→ Material supplied
Content starts

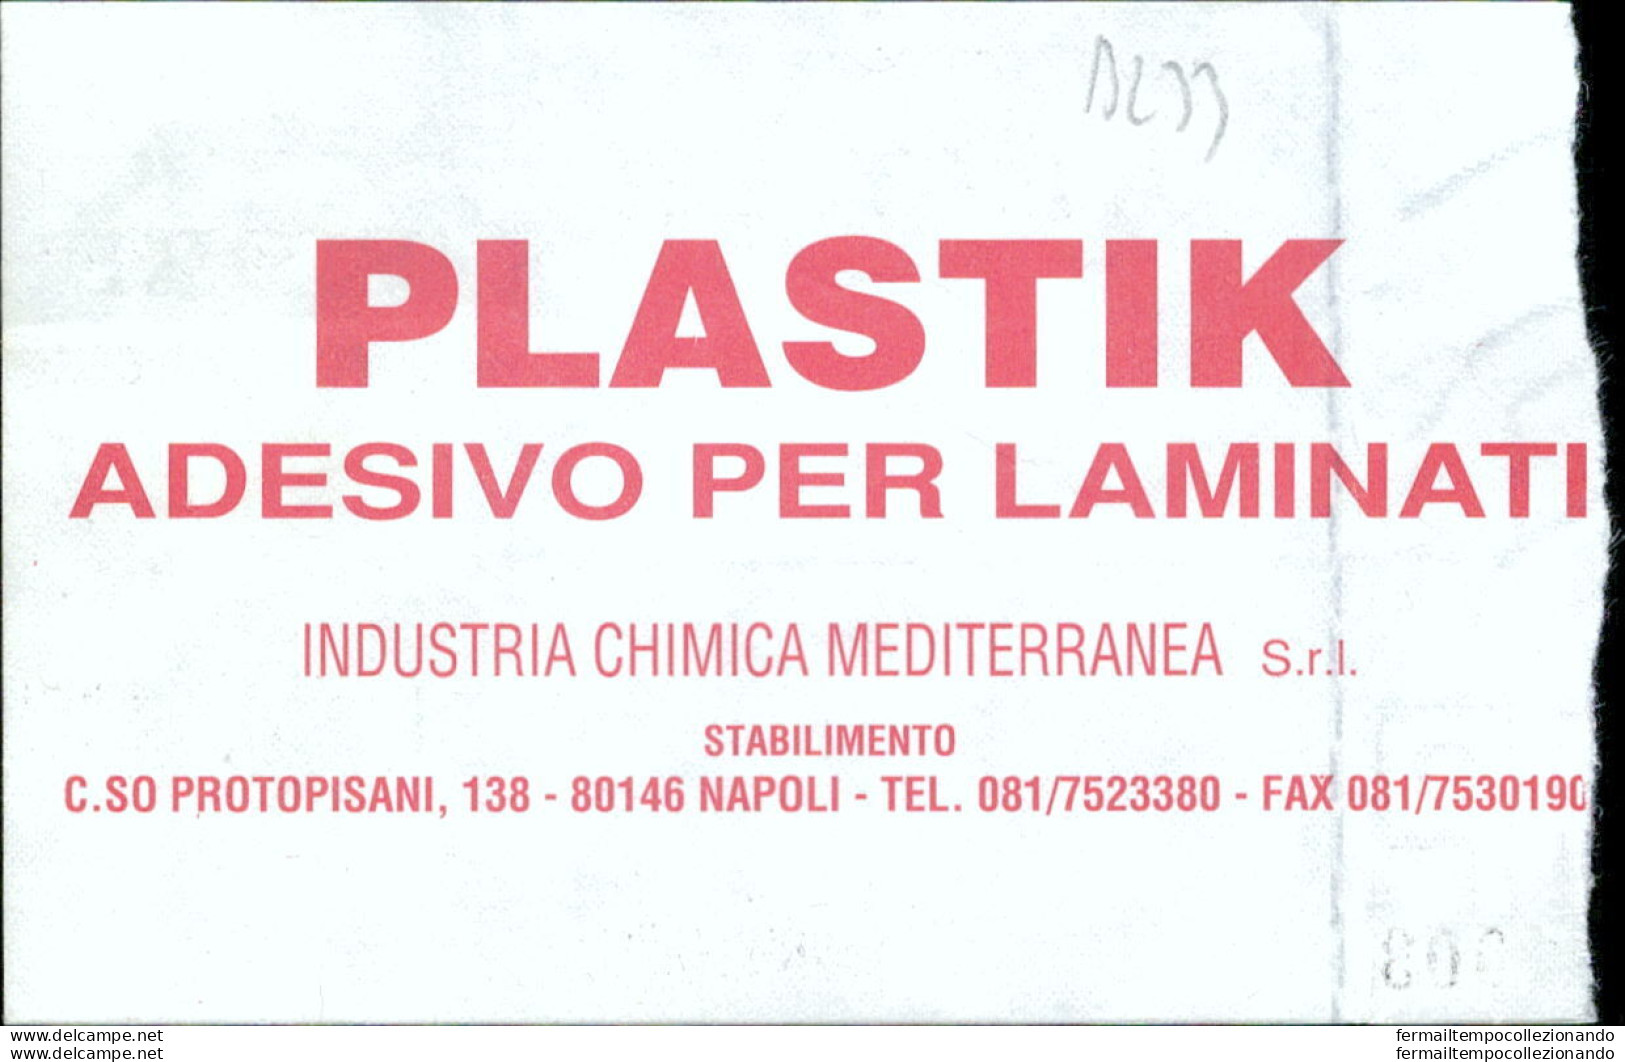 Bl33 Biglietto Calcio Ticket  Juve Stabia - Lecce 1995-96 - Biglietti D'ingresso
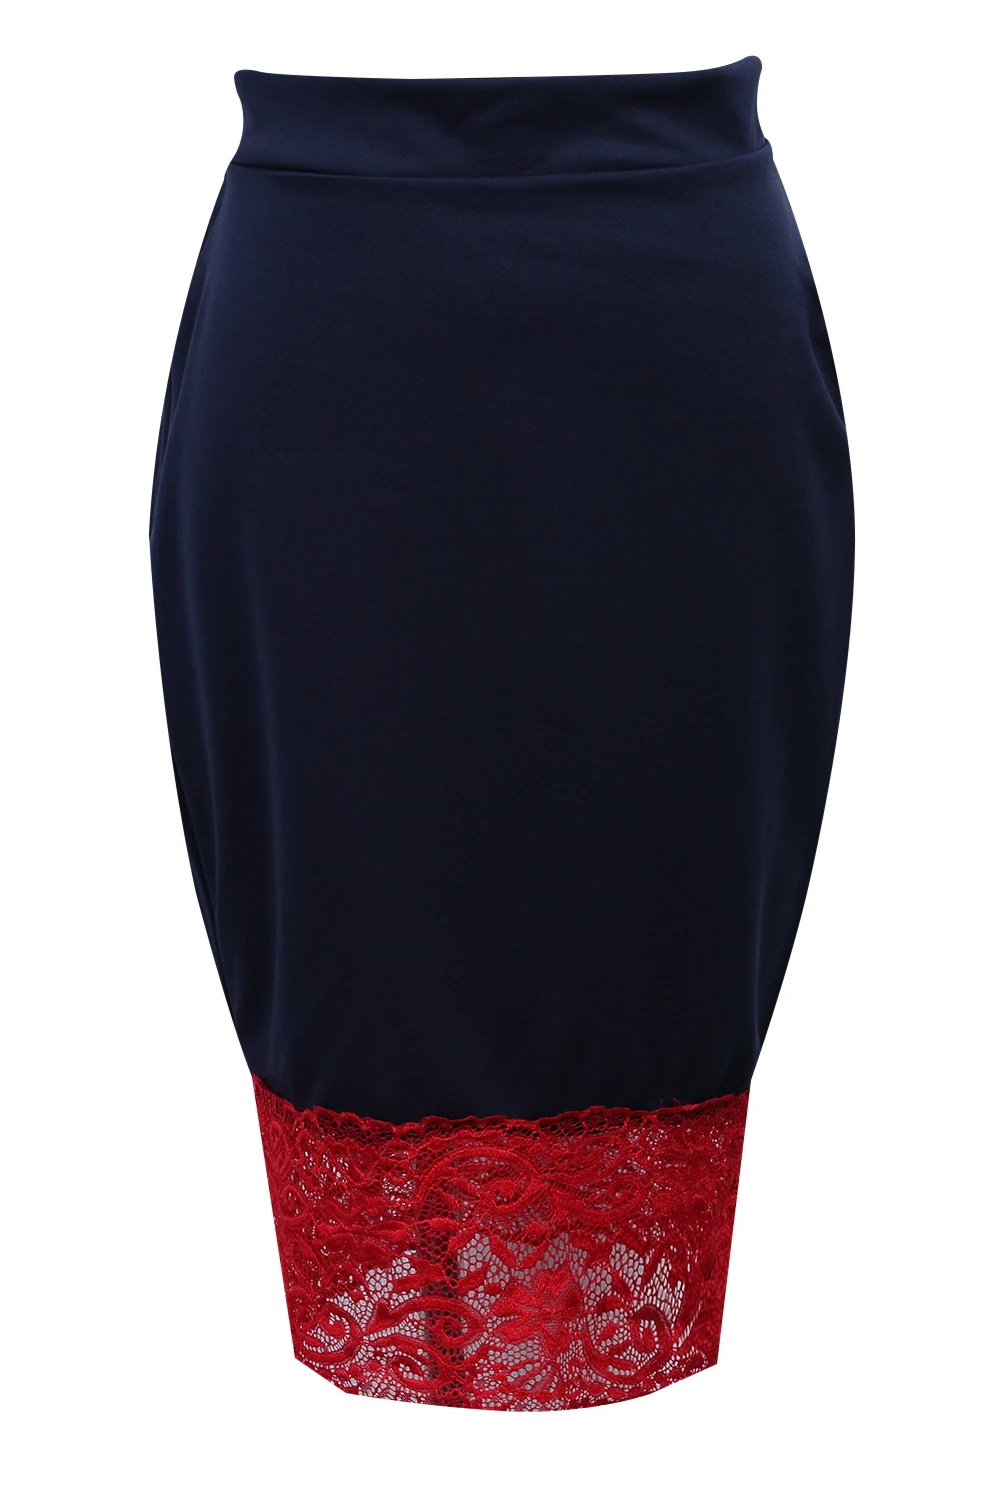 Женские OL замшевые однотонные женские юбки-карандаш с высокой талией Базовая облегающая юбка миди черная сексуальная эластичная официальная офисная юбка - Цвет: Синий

Content ends
Content starts

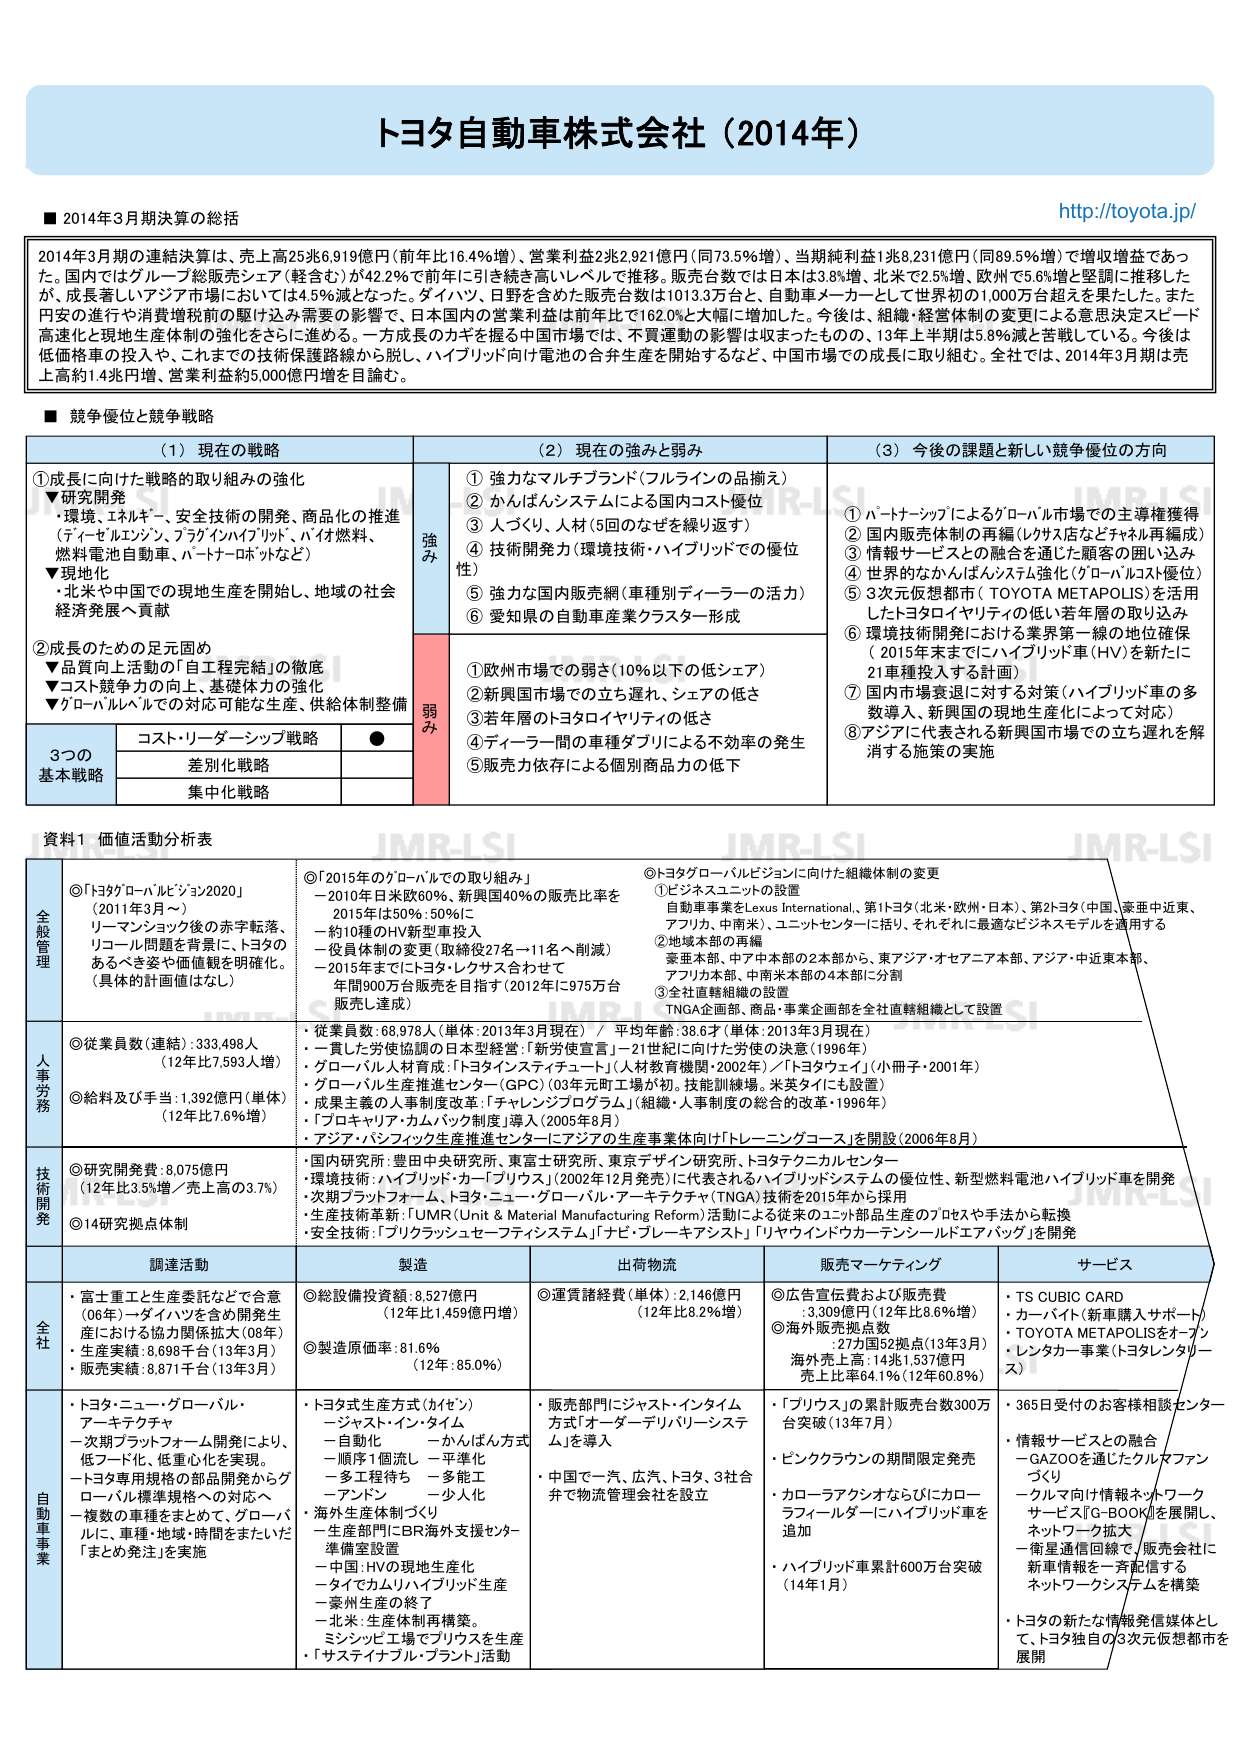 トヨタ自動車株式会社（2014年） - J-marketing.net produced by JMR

Content ends

→ Work required
Exactly the lines starting at the one above with "Bl33 Biglietto Calcio" and ending at the one with "Женские OL замшевые" should be printed, and nothing else. Omit the pictures.

→ Output below
 Bl33 Biglietto Calcio Ticket  Juve Stabia - Lecce 1995-96 - Biglietti D'ingresso
 Женские OL замшевые однотонные женские юбки-карандаш с высокой талией Базовая облегающая юбка миди черная сексуальная эластичная официальная офисная юбка - Цвет: Синий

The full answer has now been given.